**PROVIDED MATERIAL**
· · · · ·

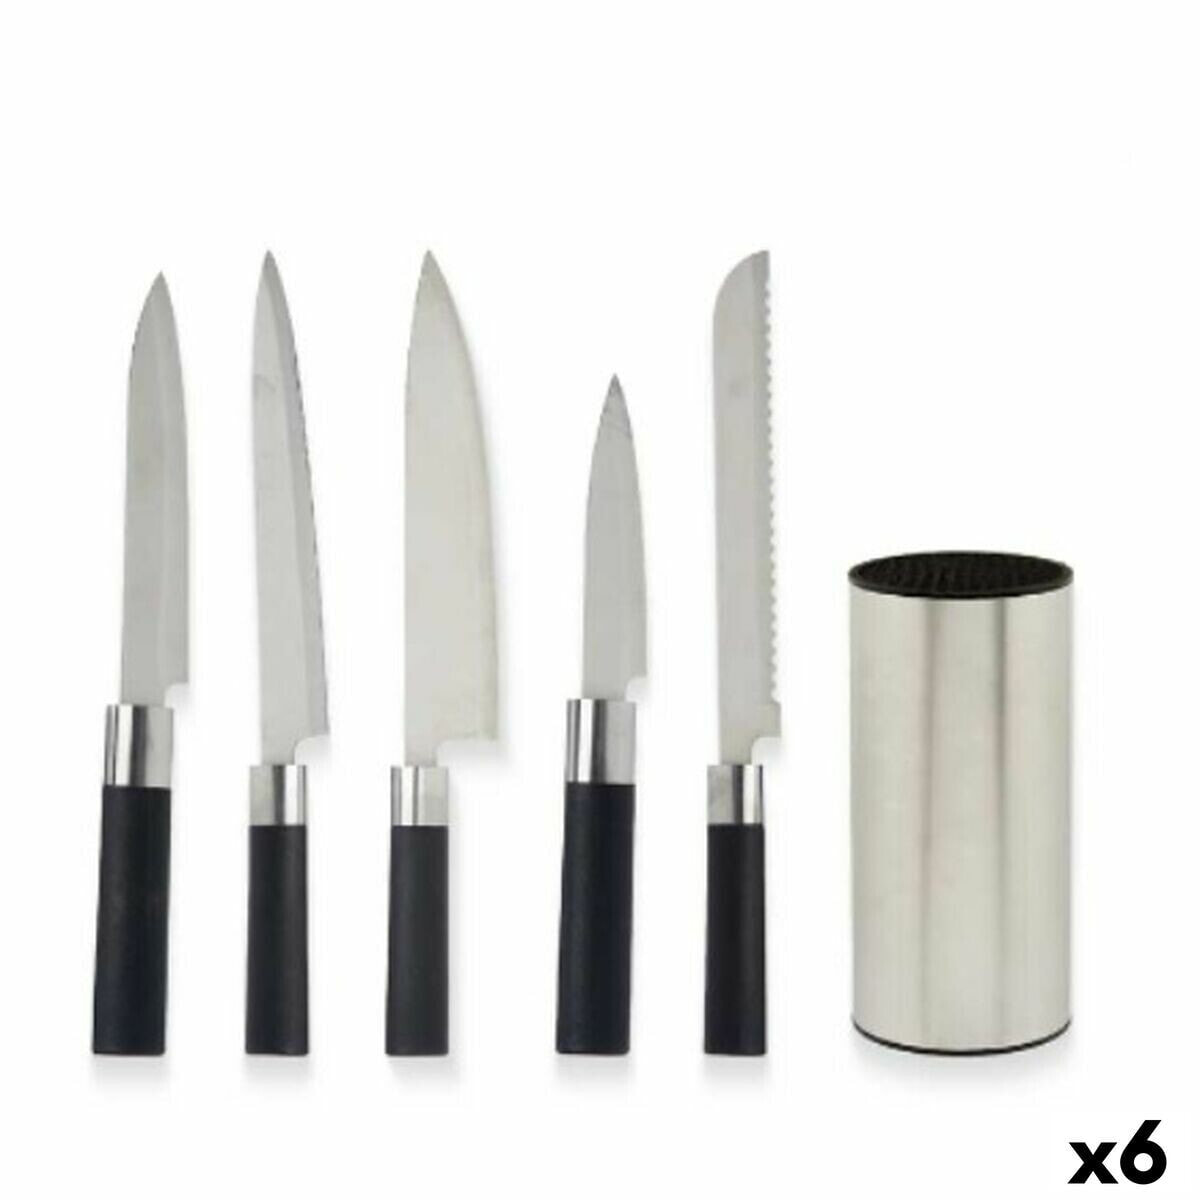 Set of Kitchen Knives and Stand Black Silver Stainless steel Polyethylene polypropylene ABS 11 x 35 x 11 cm (6 Units)
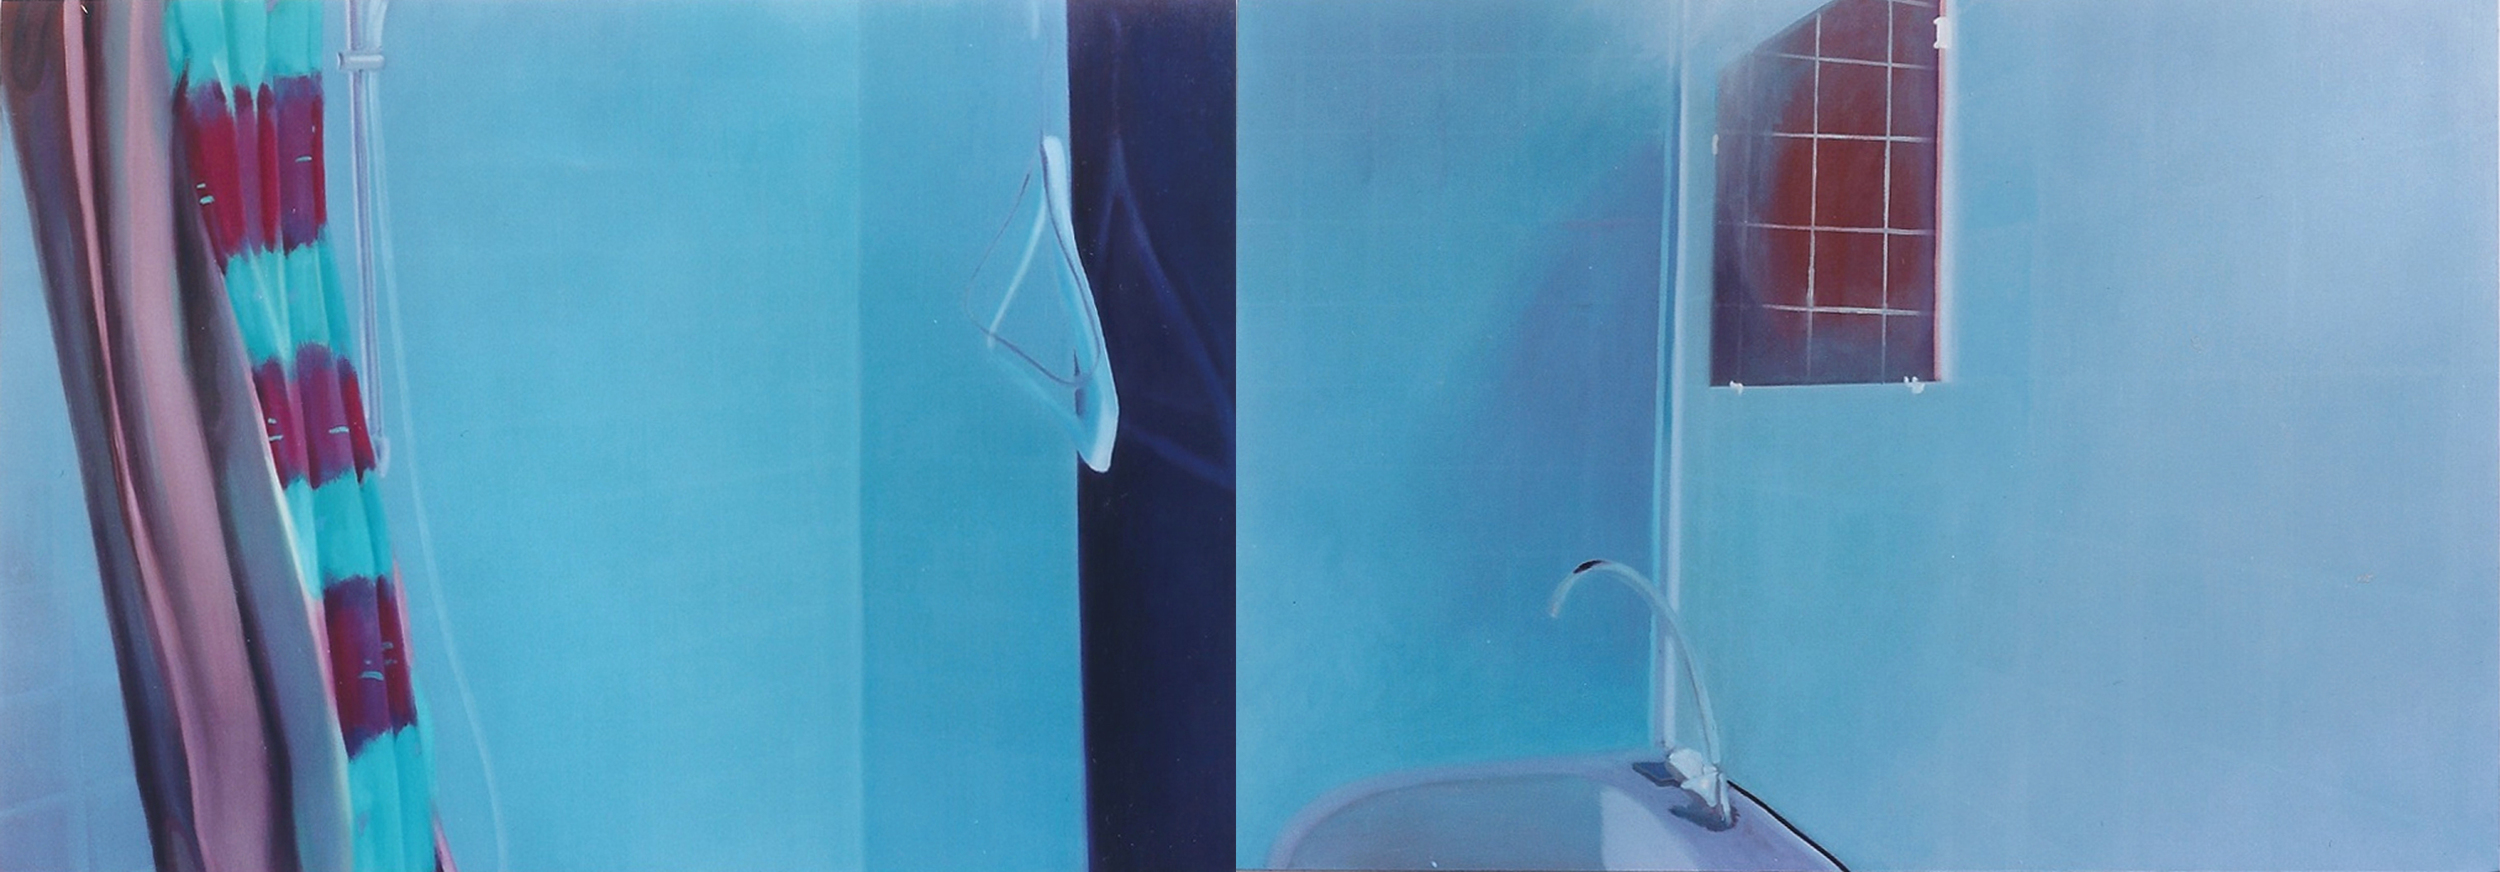   Untitled (bathroom) , 1999, oil on canvas, 96 x 324cm (diptych). Private collection, France 
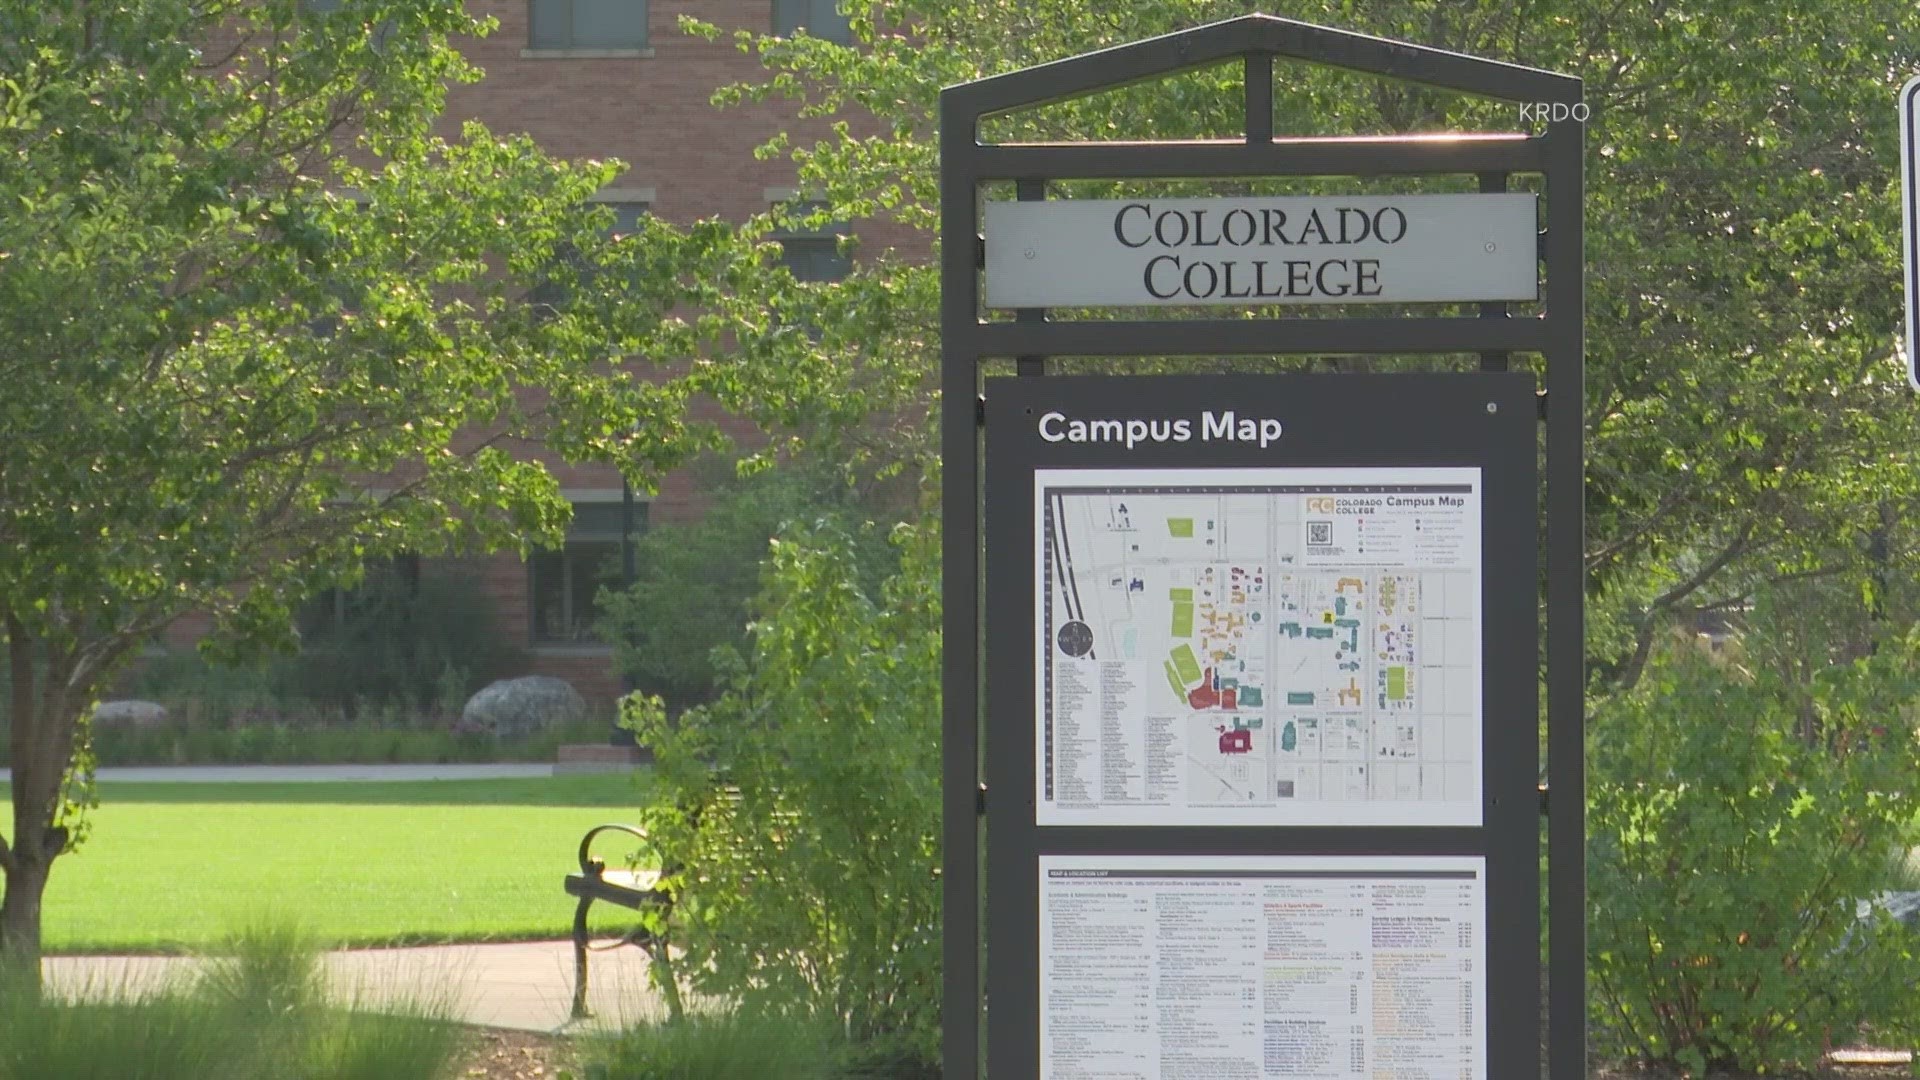 Colorado College started this first-of-its-kind initiative in response to states passing laws against Diversity, Equity and Inclusion policies.

· · · · ·

**TASK OBJECTIVE**
What you return must match the data above exactly, with no images included.

**RESPONSE**
 Set of Kitchen Knives and Stand Black Silver Stainless steel Polyethylene polypropylene ABS 11 x 35 x 11 cm (6 Units)
   Untitled (bathroom) , 1999, oil on canvas, 96 x 324cm (diptych). Private collection, France 
 Colorado College started this first-of-its-kind initiative in response to states passing laws against Diversity, Equity and Inclusion policies.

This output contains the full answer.